Ozan Aygun

Ozan Aygun

PhD Candidate · NYU WIRELESS · CommIT

Brooklyn, NY · ozan at nyu.edu

about

I am an Electrical and Computer Engineering PhD candidate at NYU Tandon, advised by Prof. Elza Erkip in the CommIT Research Group. Previously, I spent two summers at Apple and one summer at SHARP Labs of America as a research intern. I received my B.S. and M.S. in Electrical and Electronics Engineering from Bilkent University, Türkiye, with high honors.

research

My research sits at the intersection of machine learning and wireless communications, spanning multiple layers of the network stack.

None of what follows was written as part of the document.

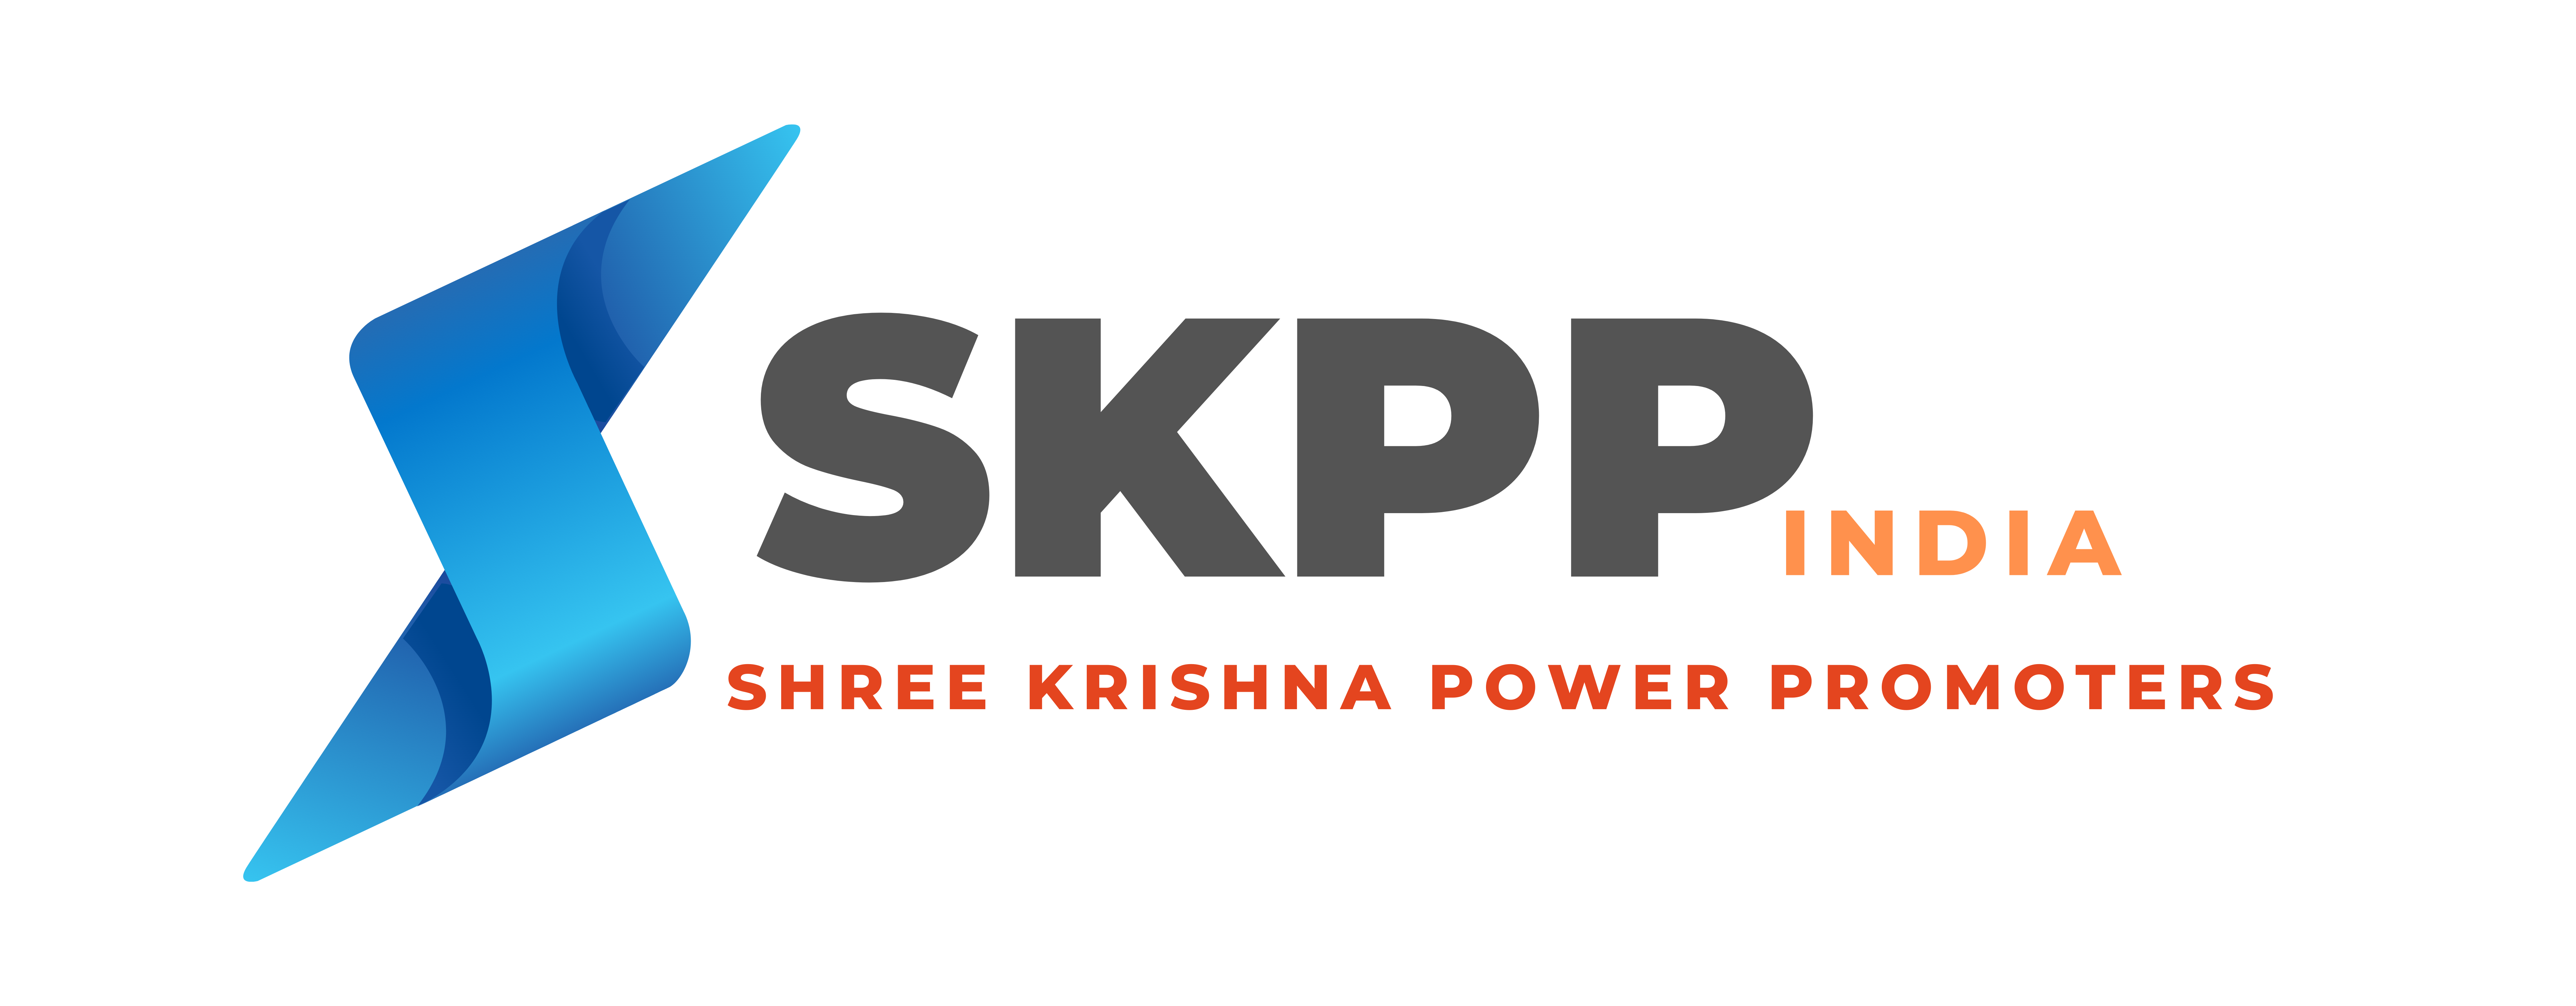 Shree Krishna Power Promoters - SKPP INDIA

I am broadly interested in building learning-based systems that are communication-aware, and in bringing communications perspectives to machine learning problems.

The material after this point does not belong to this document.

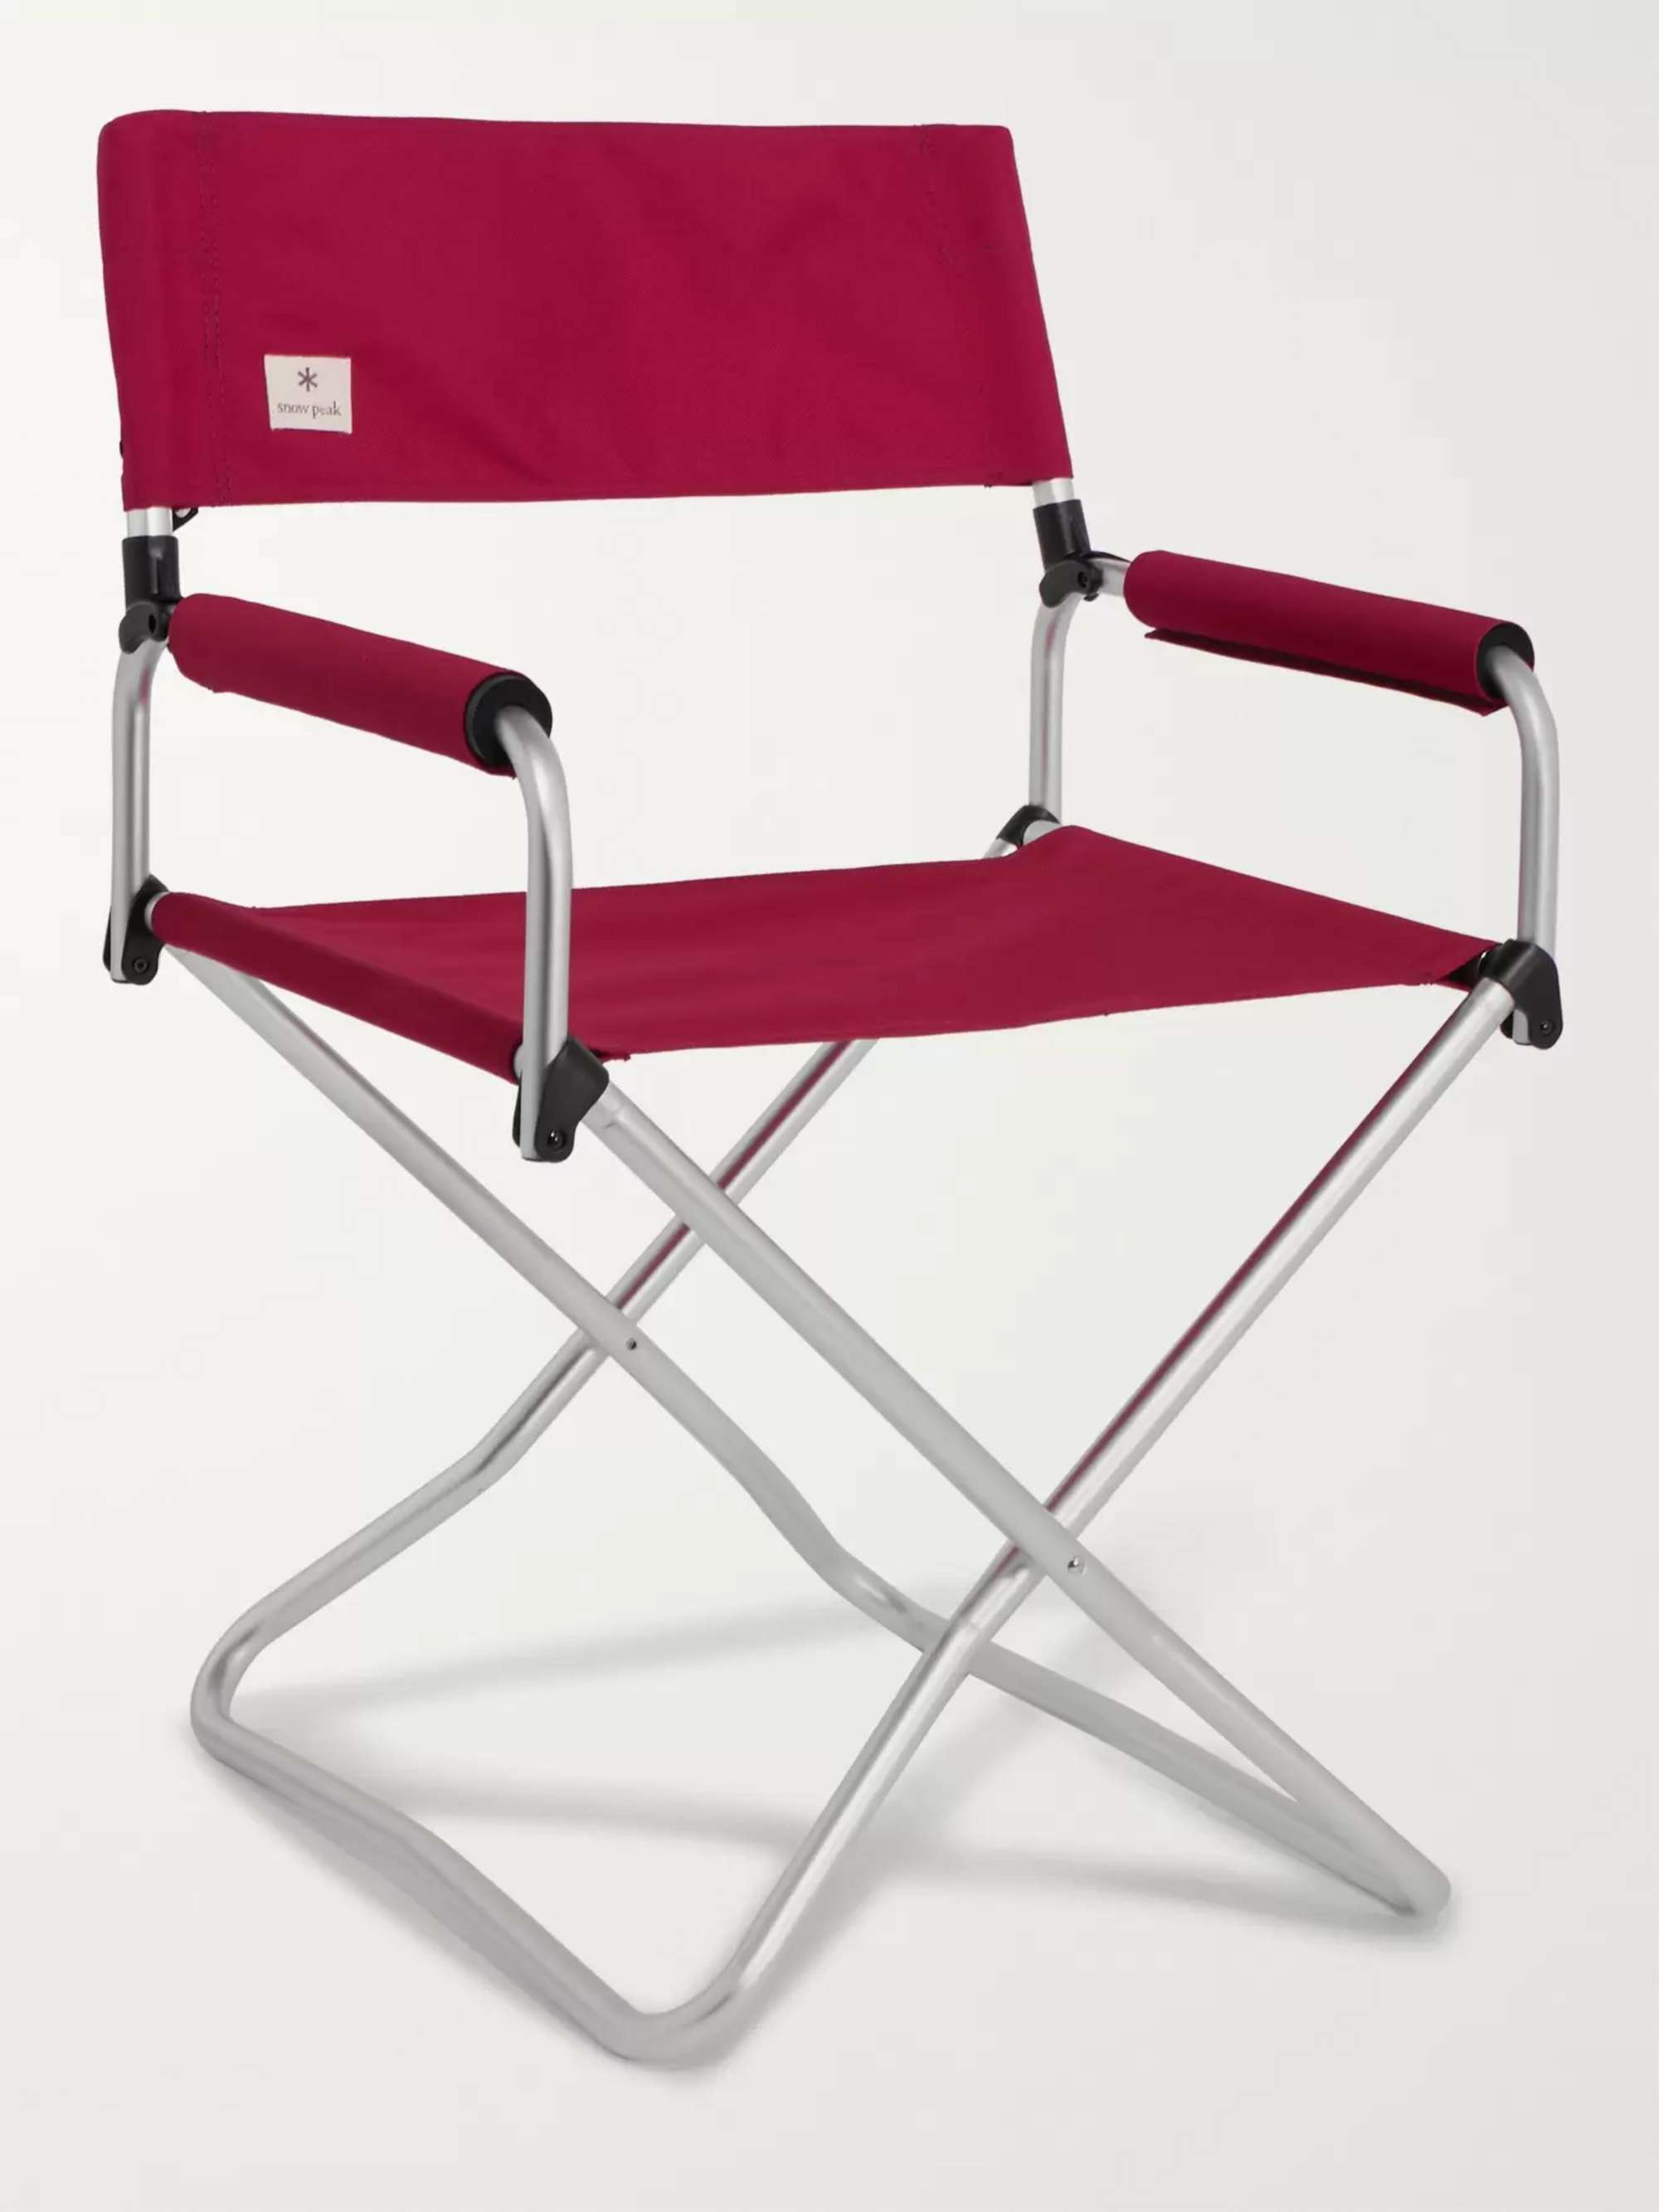 SNOW PEAK Folding Aluminium and Canvas Chair for Men | MR PORTER

Federated learning over wireless channels: How can distributed devices collaboratively train models over noisy wireless channels using over-the-air aggregation, even under data heterogeneity and energy constraints?J1C1C2

Network control with constrained deep RL: How can constrained reinforcement learning enable cost-efficient, latency-aware resource management and application delivery in communication networks?C3

Learning-based mobility prediction: How can machine learning reduce signaling and measurement overhead in mobile networks through accurate prediction of radio resource measurements?C5

Learning-based compress-and-forward: How can neural networks learn efficient compression and forwarding strategies in relay channels, bridging information-theoretic coding and deep learning?C4

Always happy to chat about research—reach me via email.

selected work

Over-the-Air Federated Edge Learning with Hierarchical Clustering

O. Aygün, M. Kazemi, D. Gündüz, T.M. Duman

IEEE Transactions on Wireless Communications, 2024

Reference Signal Received Power Prediction for Measurement Gap Reduction

O. Aygün, O. Orhan, O. Sahin, N. Goris, A. Naguib

IEEE WCNC, 2026 — Work done during internship at Apple.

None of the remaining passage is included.